Faut-il en déduire que vous écartez définitivement la suppression de la barrière de l'âge et que vous abandonnez la mise en place d’un 5ème risque, basée sur la solidarité nationale citée plusieurs fois dans votre discours ? Doit-on maintenir un système de financement inégal selon son lieu de vie et selon son âge ?
- la tentation pourrait être pour ce qui concerne la réforme, les réformes, y compris les réformes sociales de dire « ah oui mais on ne peut pas, donc on verra plus tard » et c’est là qu’à ce moment-là quelque-chose se brise dans la confiance, dans le fil fragile de la confiance.
Pouvons-nous l’avoir encore, après avoir vu tant de débats, tant de rapports qui n’ont mené à rien ? Tant de promesses du Président Sarkozy qui lui aussi avait dit : « Attendre encore serait une faute morale impardonnable, ce serait refuser de regarder la réalité en face, ce serait refuser d'assumer mes responsabilités ». Dix ans ont passé depuis la tragédie de la canicule d'août 2003, et l’horizon est toujours bouché. Le vote des Députés de débloquer seulement 100 millions de la CASA (Contribution Additionnelle de Solidarité pour l’Autonomie) 2014, sur les 650 qui revenaient de droit aux personnes en perte d’autonomie, est ressenti comme une nouvelle trahison !
Les aidants familiaux que vous dites vouloir aider, attendent depuis longtemps, d’être reconnus et soutenus par la solidarité nationale. Certains ont plus de 70 voire 80 ans … Ils ont parfois aussi des problèmes de santé sans avoir le temps de se soigner. Les aidants deviennent les obligés de l'État, remplaçant, bien malgré eux souvent, et jusqu’à épuisement, les professionnels qu'ils n'ont pas à leurs côtés. Ne devraient-ils pas d’abord conserver un rôle relationnel, affectif et être secondés par des professionnels de qualité. Mais le secteur du domicile est sinistré par le manque de moyens financiers et de reconnaissance du personnel dont la formation est très insuffisante, voire parfois inexistante.
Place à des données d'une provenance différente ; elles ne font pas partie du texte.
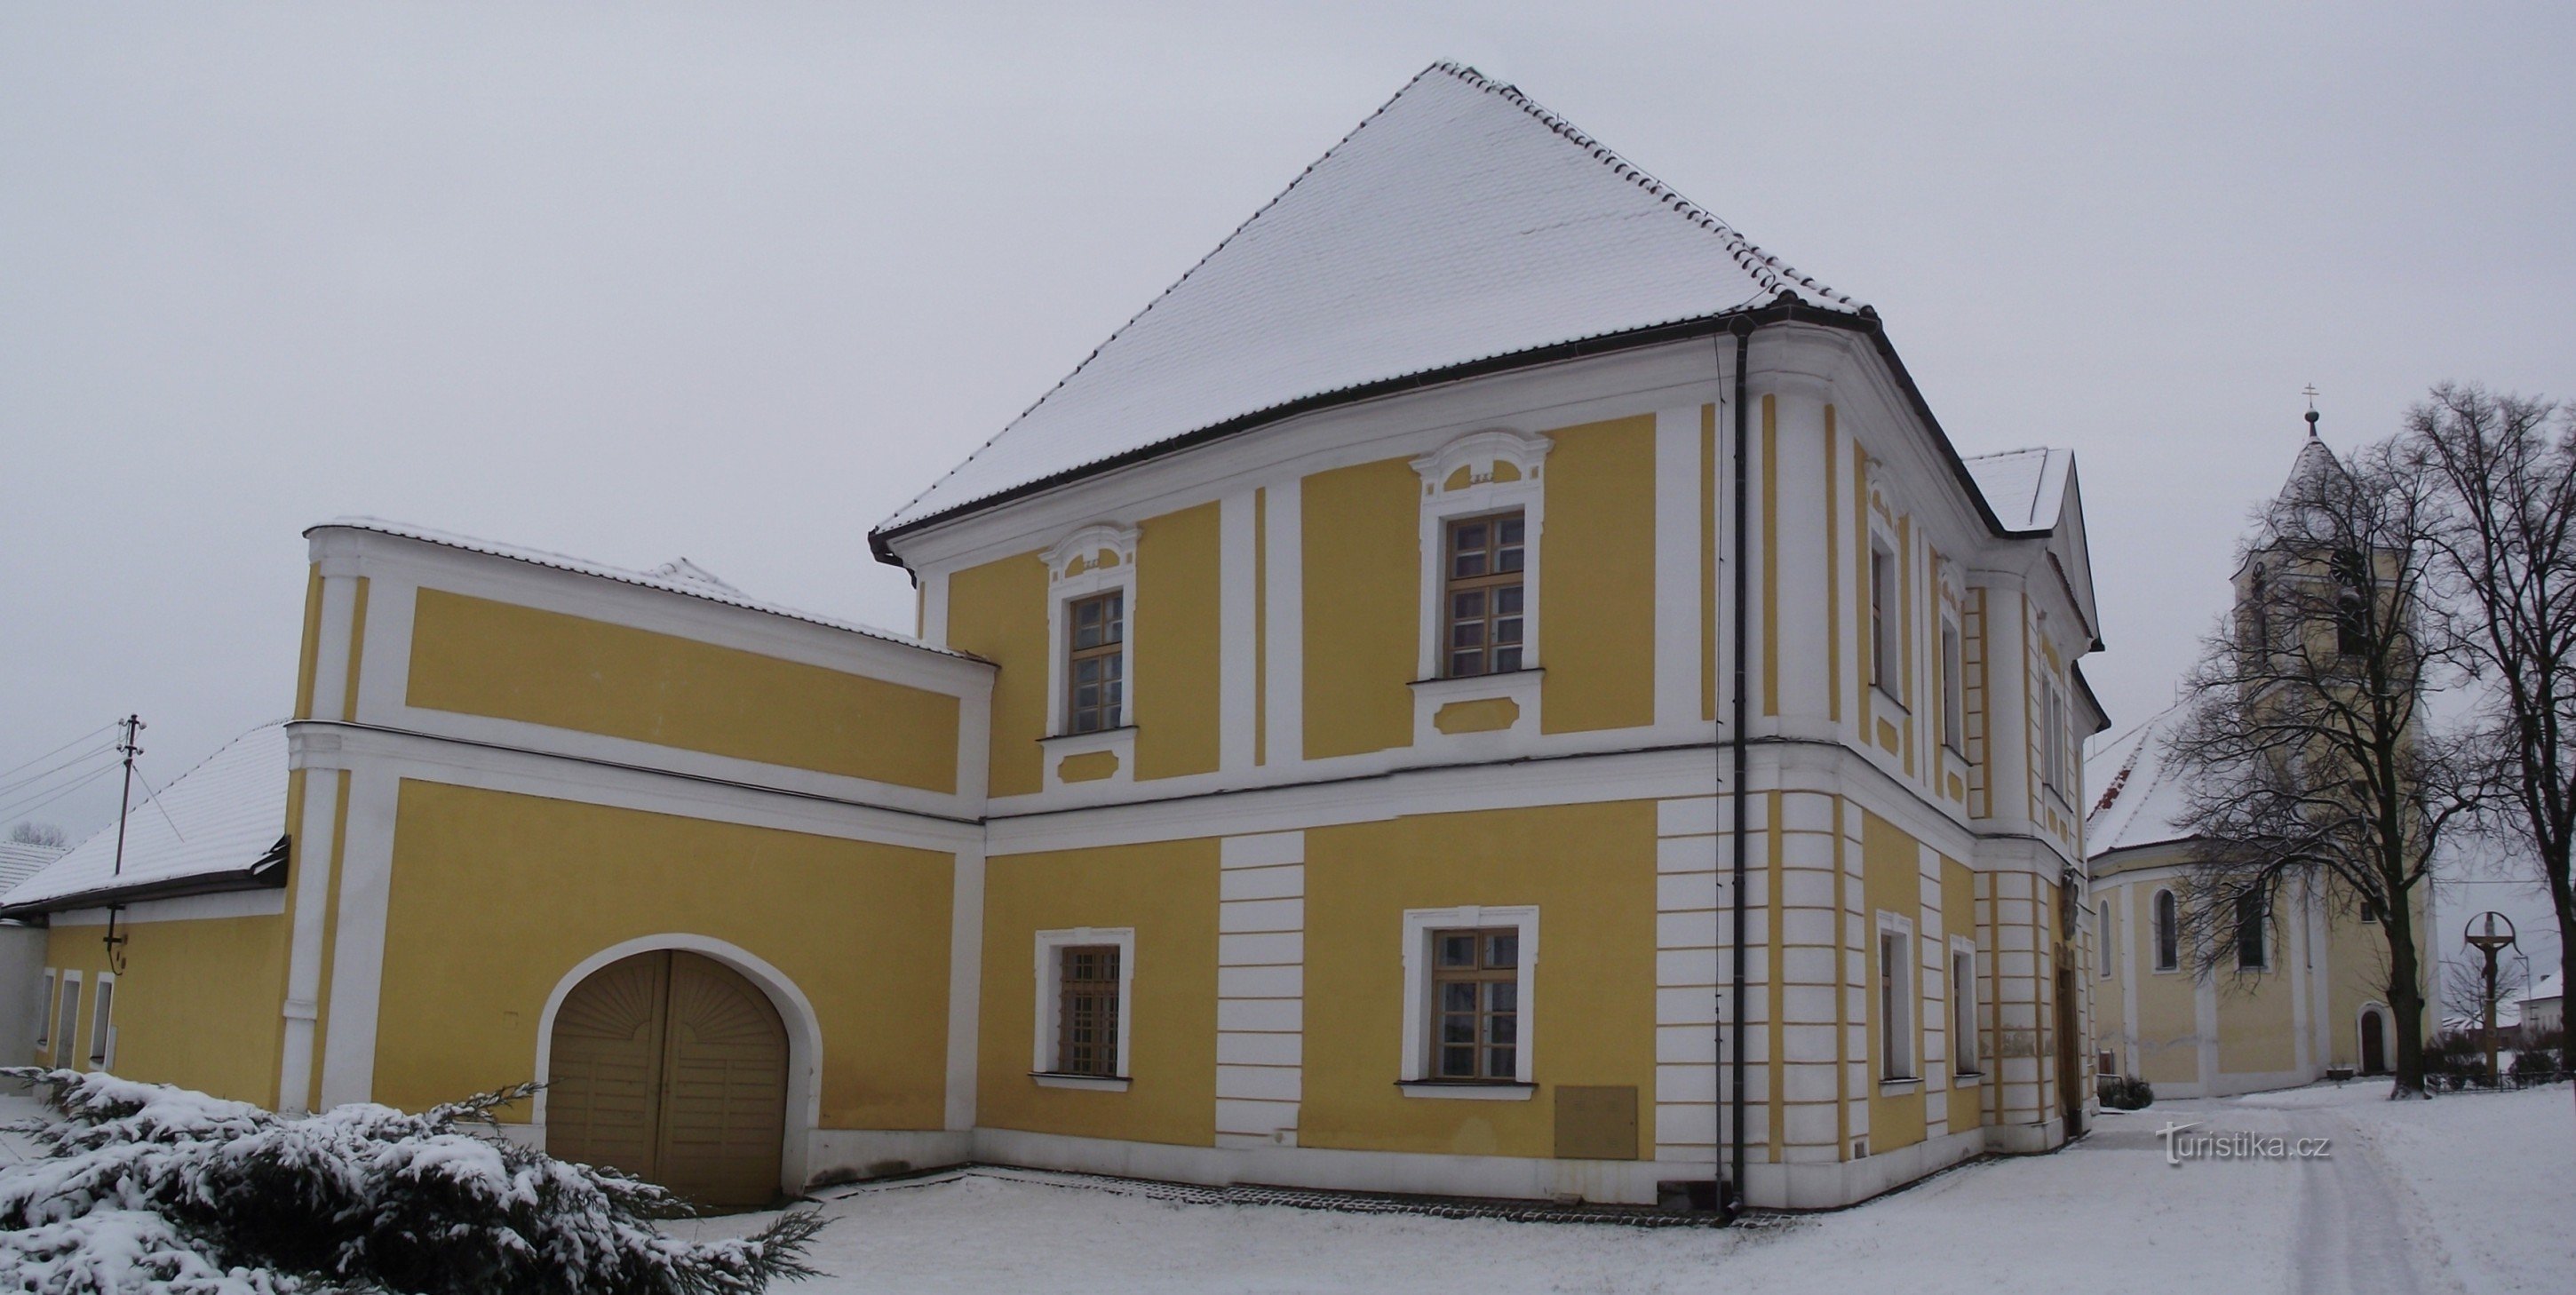 Cetkovice – ein Pfarrhaus, das Schloss genannt wird (oder ein Barockschloss, das als Pfarrhaus dient?)
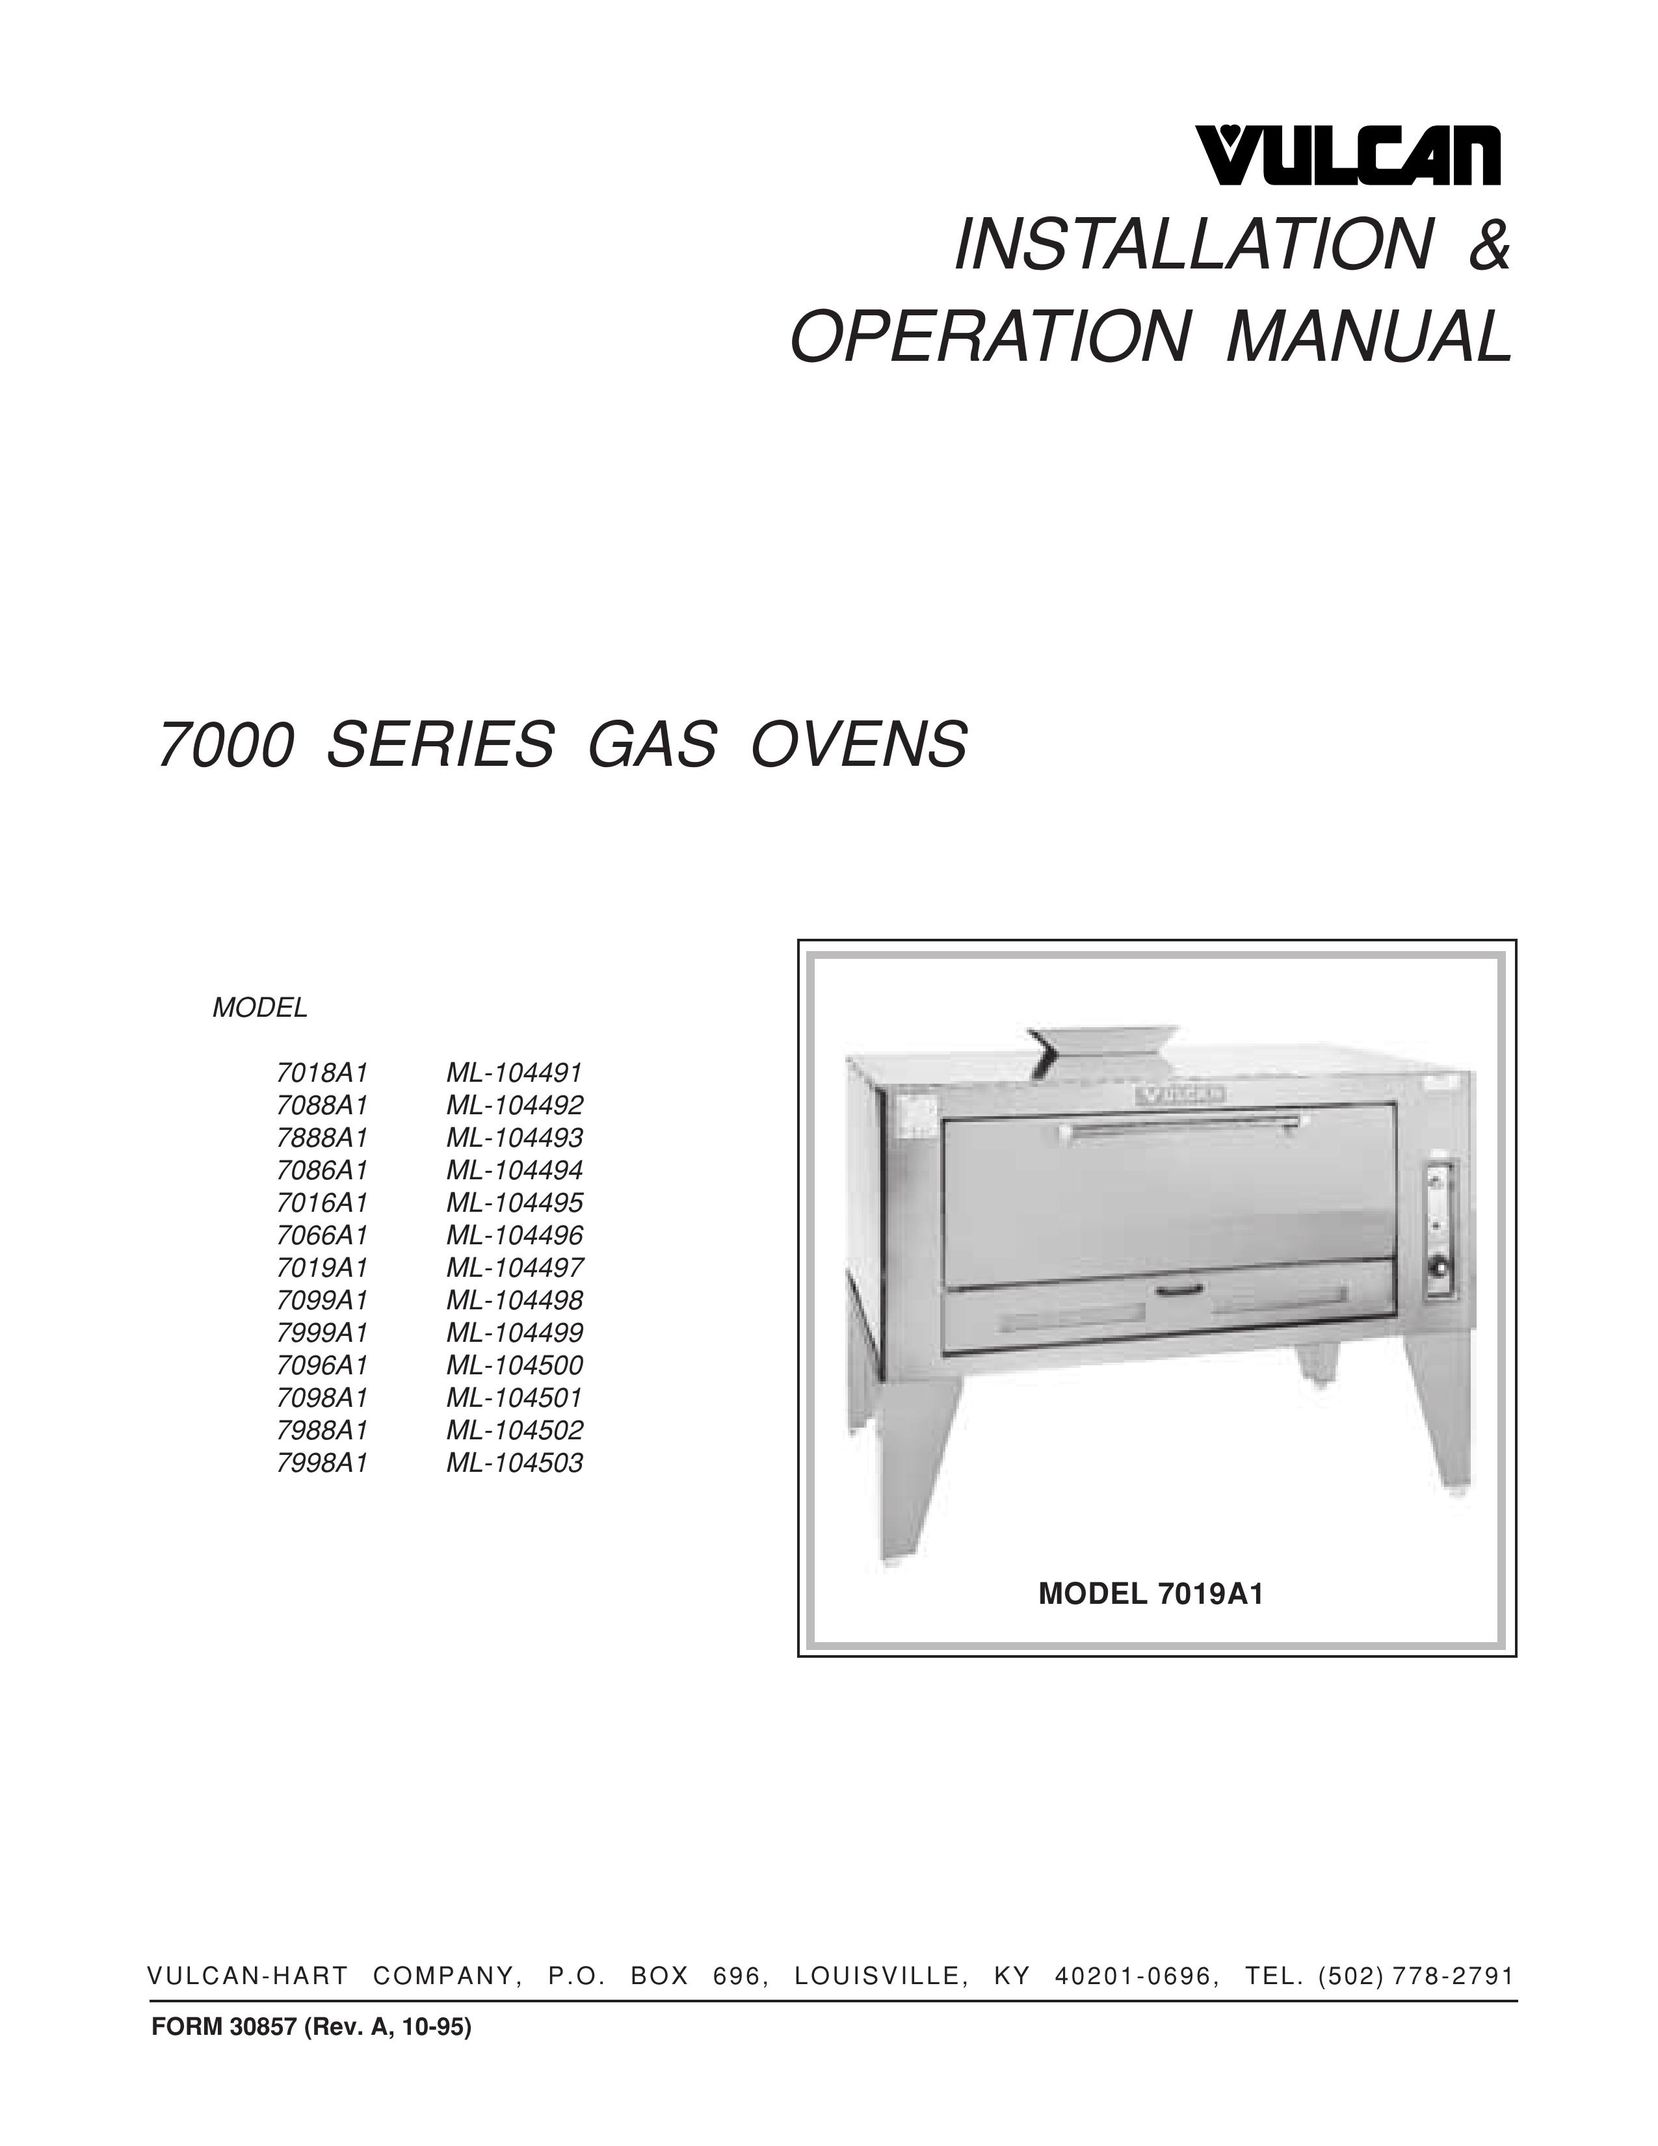 Vulcan-Hart 7099A1 ML-104498 Oven User Manual

Au nom de la reconnaissance à l’égard de nos aînés, que vous avez affirmée, au nom de l’égalité, nous demandons la mise en place d'une prestation unique, attribuée, non pas en fonction de l'âge mais en fonction des réels besoins de la personne à accompagner. Cette prestation sera financée par la solidarité nationale, et garantira un traitement uniforme sur l’ensemble du territoire.
Monsieur le Premier Ministre, nous vous prions d’agréer l’expression de nos respectueuses salutations.